Tuesday, 26 May 2015: 15:40
PDR 6 (Hilton Chicago)
D. Cliffel, M. Casey, and A. Daniel (Vanderbilt University)
Vanadium dioxide (VO2) is a unique transition metal oxide that undergoes a first-order phase transition at approximately 340K from the insulating monoclinic phase (M) to the conducting rutile phase (R). This metal-to-insulator transition (MIT) results in a change in the resistivity and optical absorption of the material, which has made it useful in several electronic and electro-optic applications. Common synthetic techniques such as pulsed laser deposition (PLD), chemical vapor deposition (CVD), and magnetron sputtering allow for the synthesis of high quality films of VO2 for these applications. Recently, however, hydrothermal methods have been used for the synthesis of relatively large quantities of VO2(M) from inexpensive starting materials without the need for expensive instrumentation. While these hydrothermally synthesized VO2(M) particles are being developed for electronic and electro-optic applications, their applicability in other areas, such as catalysis and sensing, is the focus of research in our group. 

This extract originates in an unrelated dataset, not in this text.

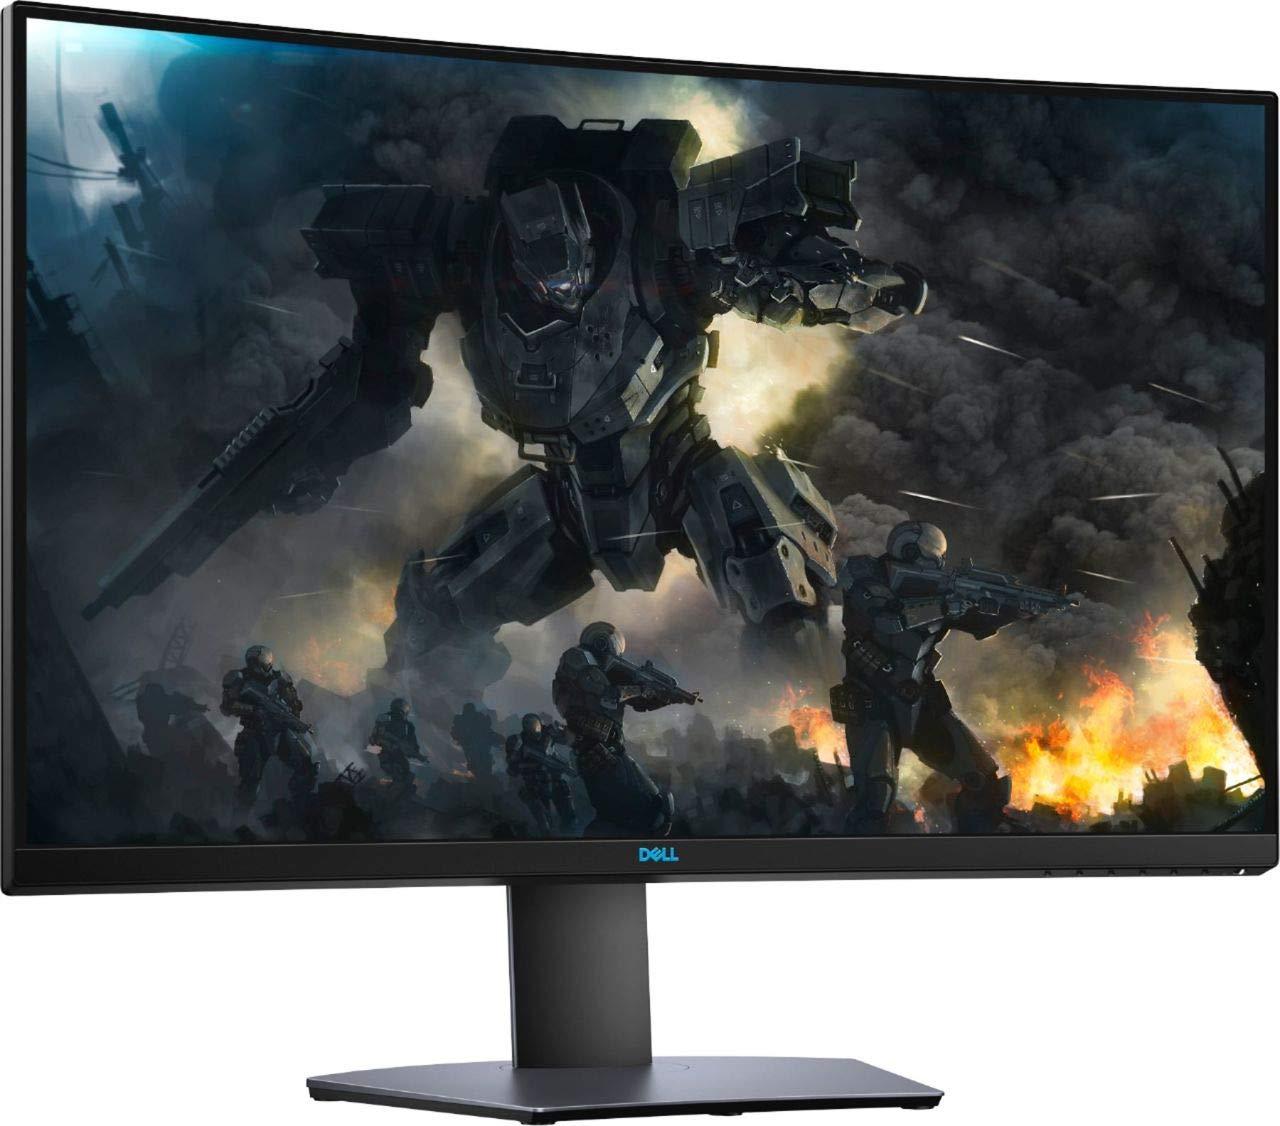 Dell - Monitor de 32 pulgadas LED curvado QHD FreeSync con HDR 2K Quad HD 2560 x 1440 Resolución 16:9 relación de aspecto DisplayPort HDMI: Amazon.es: Electrónica

To make nano-asterisks of VO2, the amount of vanadium precursor present during a hydrothermal treatment was varied to produce several different morphologies of VO2(M) including plates, snowflake asterisks, and truncated asterisks.  Films of the particles were drop cast onto glass slides and four-point Van der Pauw resistivity measurements were used to determine the phase transition behavior of the particle films.  We observe resistivity changes of more than 2 orders of magnitude for drop cast films of VO2(M) nano-asterisks.  Additionally, BET gas adsorption theory was used to determine the surface area of the particles in order to evaluate their potential as electrocatalytic materials. 

The electrochemical reduction of 2, 4, 6-Trinitrotoluene (TNT) was investigated using films of vanadium dioxide, from both thin layer films formed by PLD and films composed of nano-asterisks particles. Three distinct reduction peaks were observed in the potential range -0.50 V to -0.90 V (vs. an Ag/AgCl reference electrode), corresponding to the electrochemical reduction of the three nitro-groups on the TNT molecule. Adsorptive stripping voltammetry was performed to achieve detection down to 1 µg/L (4.4 nM), revealing a linear response to TNT concentration. These results are the first describing the use of VO2 films as an electrochemical sensor for TNT, and open new avenues for further electrochemical research using this unique material.